The API key is read from os.environ[api_key_env] at call time and serialized with the UDF. On remote workers the key is available without cluster-level env_vars configuration.

Parameters:

  • column (str, default: 'text' ) –

    Name of the input column containing text to embed. Defaults to "text".

  • model (str, default: DEFAULT_OPENAI_EMBEDDING_MODEL ) –

    OpenAI embedding model identifier (default text-embedding-3-small).

  • output_dimensionality (int | None, default: None ) –

    Optional reduced output dimensionality. When specified the API returns truncated embeddings (only supported by text-embedding-3-* models). If None, the model's full dimensionality is used.

  • normalize (bool, default: False ) –

    Whether to L2-normalise the embeddings. Defaults to False because OpenAI embedding models return pre-normalized vectors.

  • api_key_env (str, default: 'OPENAI_API_KEY' ) –

    Environment variable that holds the API key (default OPENAI_API_KEY).

  • version (str | None, default: None ) –

    Explicit version string for the UDF so that key rotation does not change the UDF hash and trigger a re-backfill.

  • dimension (int | None, default: None ) –

    Optional pre-specified embedding dimension. If None (default), the dimension is looked up from a built-in table of known models (or determined from output_dimensionality if set).

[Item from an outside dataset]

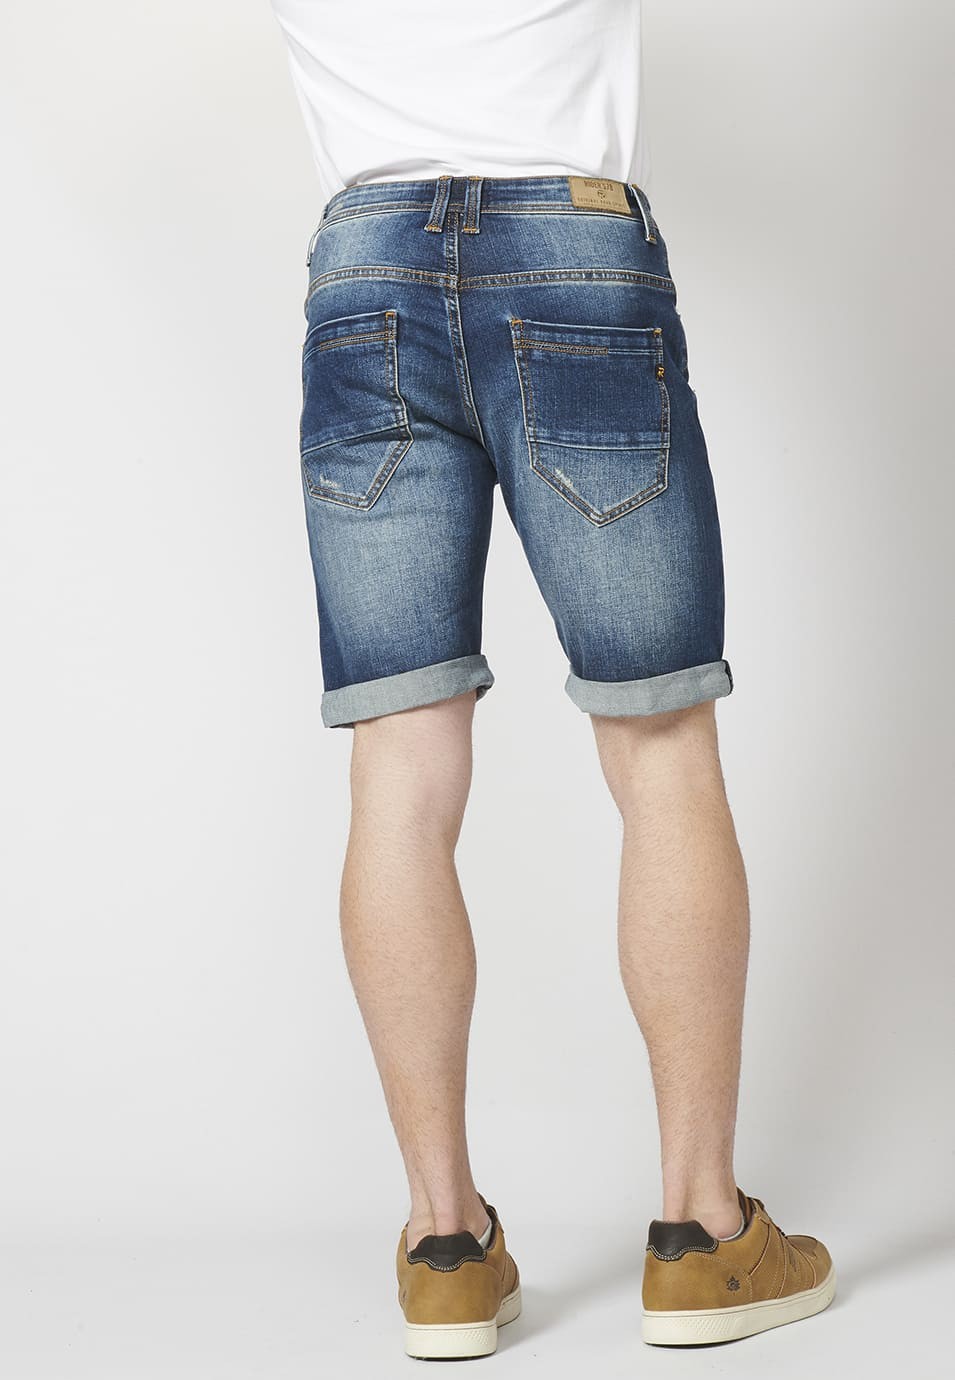 Pantalon corto denim regular fit con cinco bolsillos y efecto gastado para Hombre 4

If provided, model loading is deferred until UDF execution.

  • Requires

    pip install 'geneva[udf-text-openai]'

Returns:

  • UDF

    A UDF instance ready to be registered with a Geneva dataset.

Examples:

Embed text documents:

>>> udf = openai_embedding_udf(column="body")
>>> table.add_columns({"embedding": udf})

Use a reduced dimensionality:

>>> udf = openai_embedding_udf(
...     column="body",
...     output_dimensionality=256,
... )

geneva.udfs.openai.openai_udf

openai_udf(
    column: str,
    prompt: str,
    model: str = "gpt-5-mini",
    mime_type: str | None = None,
    api_key_env: str = "OPENAI_API_KEY",
    version: str | None = None,
) -> UDF

Return an OpenAI Chat Completions UDF with the API key captured at call time.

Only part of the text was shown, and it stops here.